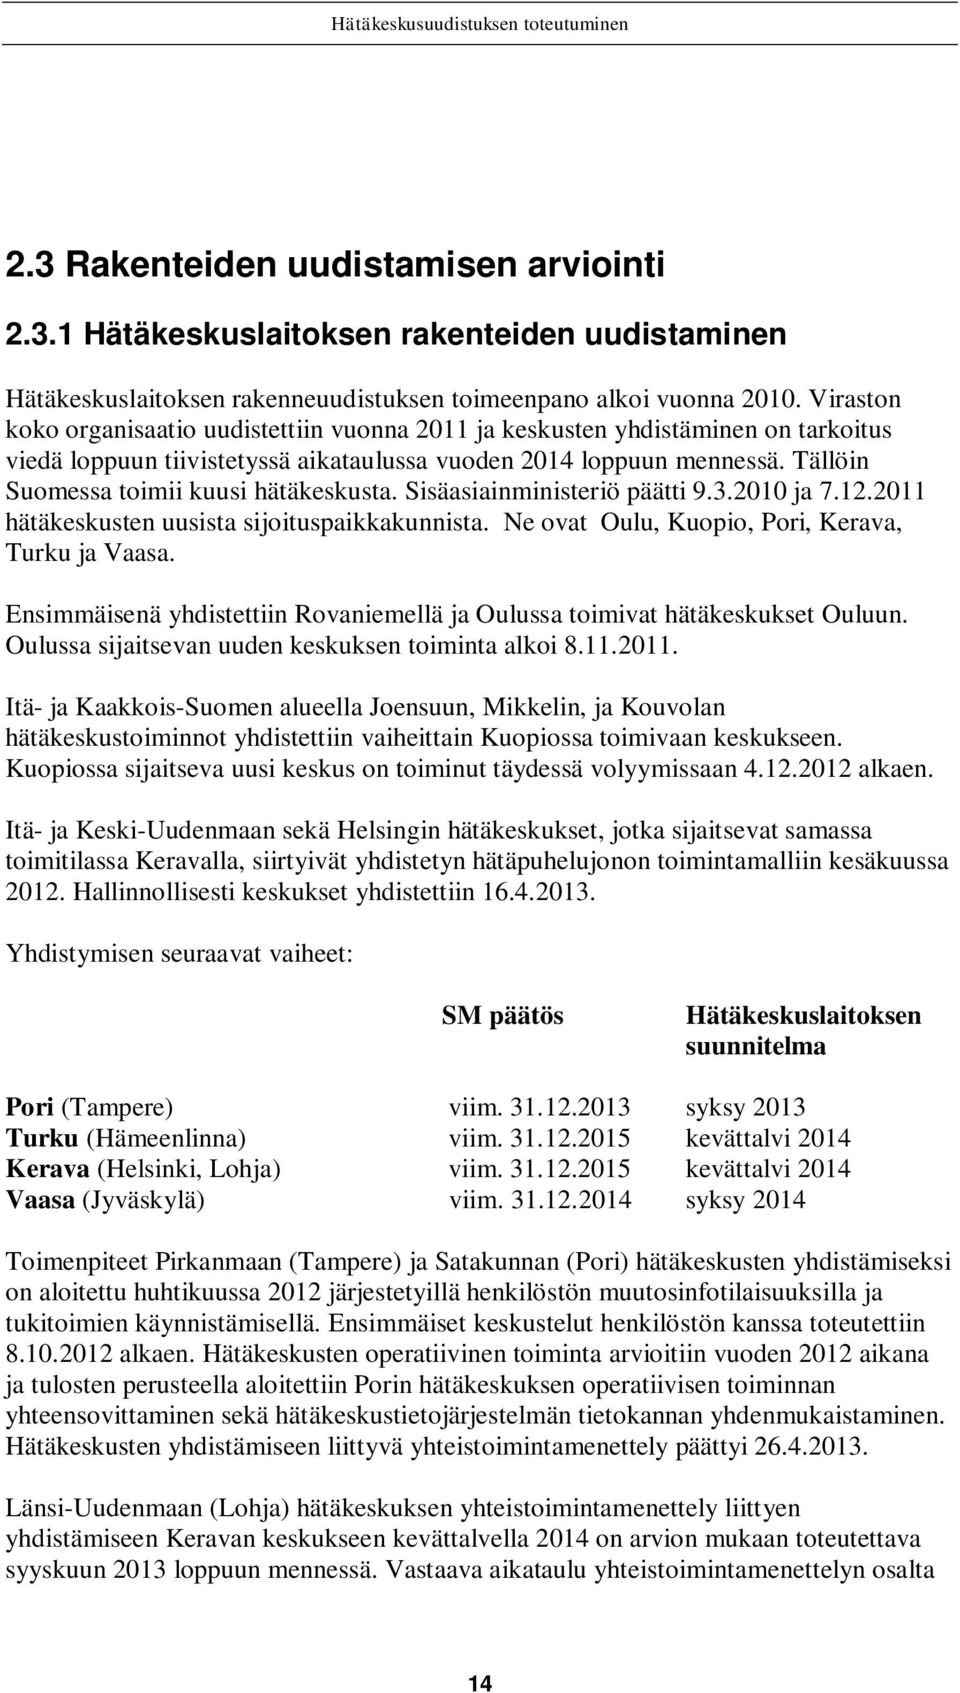 Tällöin Suomessa toimii kuusi hätäkeskusta. Sisäasiainministeriö päätti 9.3.2010 ja 7.12.2011 hätäkeskusten uusista sijoituspaikkakunnista. Ne ovat Oulu, Kuopio, Pori, Kerava, Turku ja Vaasa.
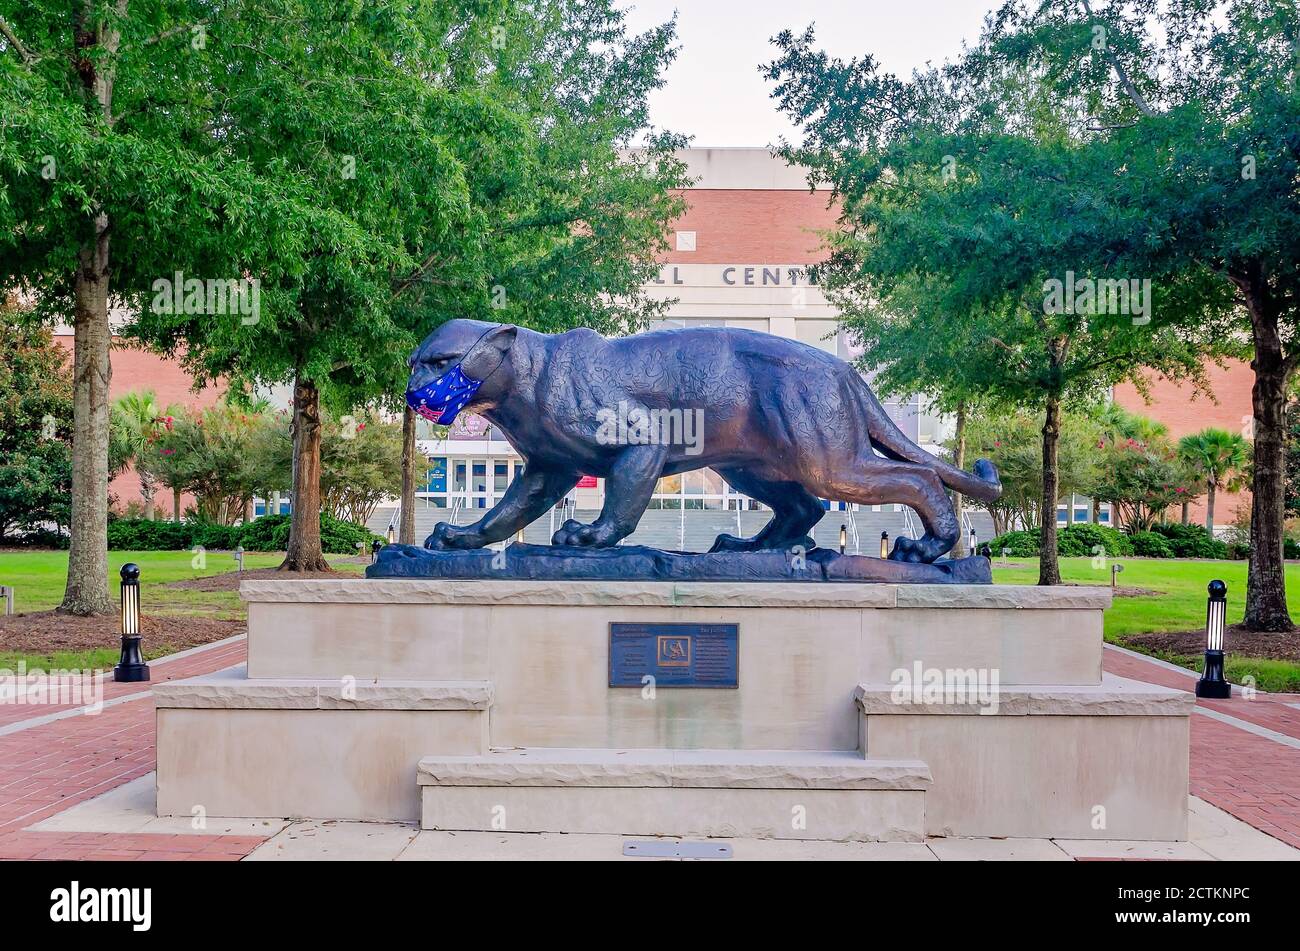 La mascotte de l'Université de l'Alabama du Sud, la jaguar, porte un masque pour empêcher la COVID-19, 22 août 2020, à Mobile, Alabama. Banque D'Images
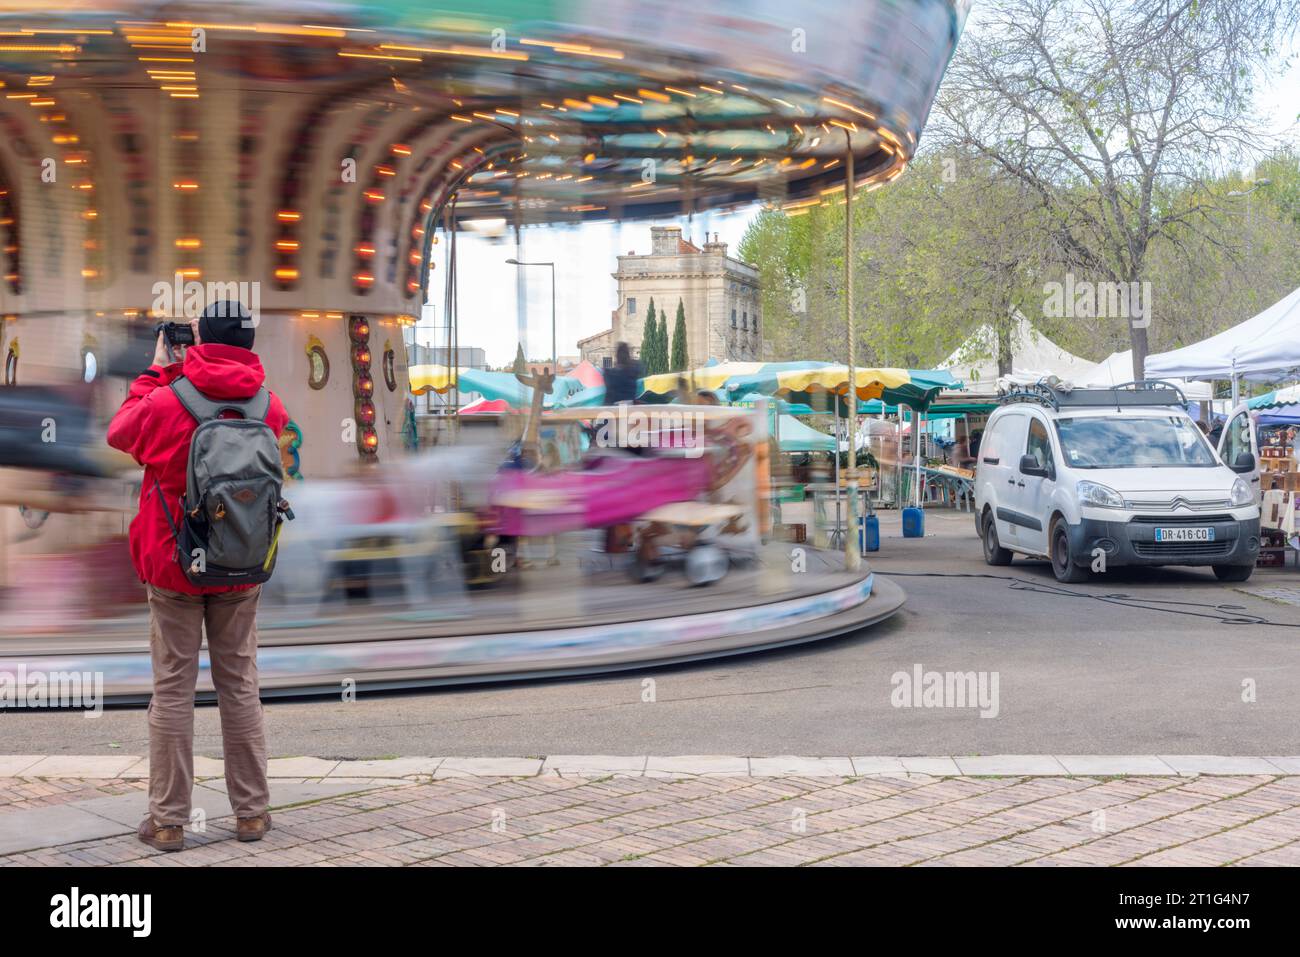 Un touriste prend une photo d'un manège en action au marché en plein air de Saurday à Arles, en Provence, dans le sud de la France. Banque D'Images

> TASK OBJECTIVE
Could you please return each line of the material exactly, dropping the pictures?

> EXERCISE OUTPUT
 Tällöin Suomessa toimii kuusi hätäkeskusta. Sisäasiainministeriö päätti 9.3.2010 ja 7.12.2011 hätäkeskusten uusista sijoituspaikkakunnista. Ne ovat Oulu, Kuopio, Pori, Kerava, Turku ja Vaasa.
 La mascotte de l'Université de l'Alabama du Sud, la jaguar, porte un masque pour empêcher la COVID-19, 22 août 2020, à Mobile, Alabama. Banque D'Images
 Un touriste prend une photo d'un manège en action au marché en plein air de Saurday à Arles, en Provence, dans le sud de la France. Banque D'Images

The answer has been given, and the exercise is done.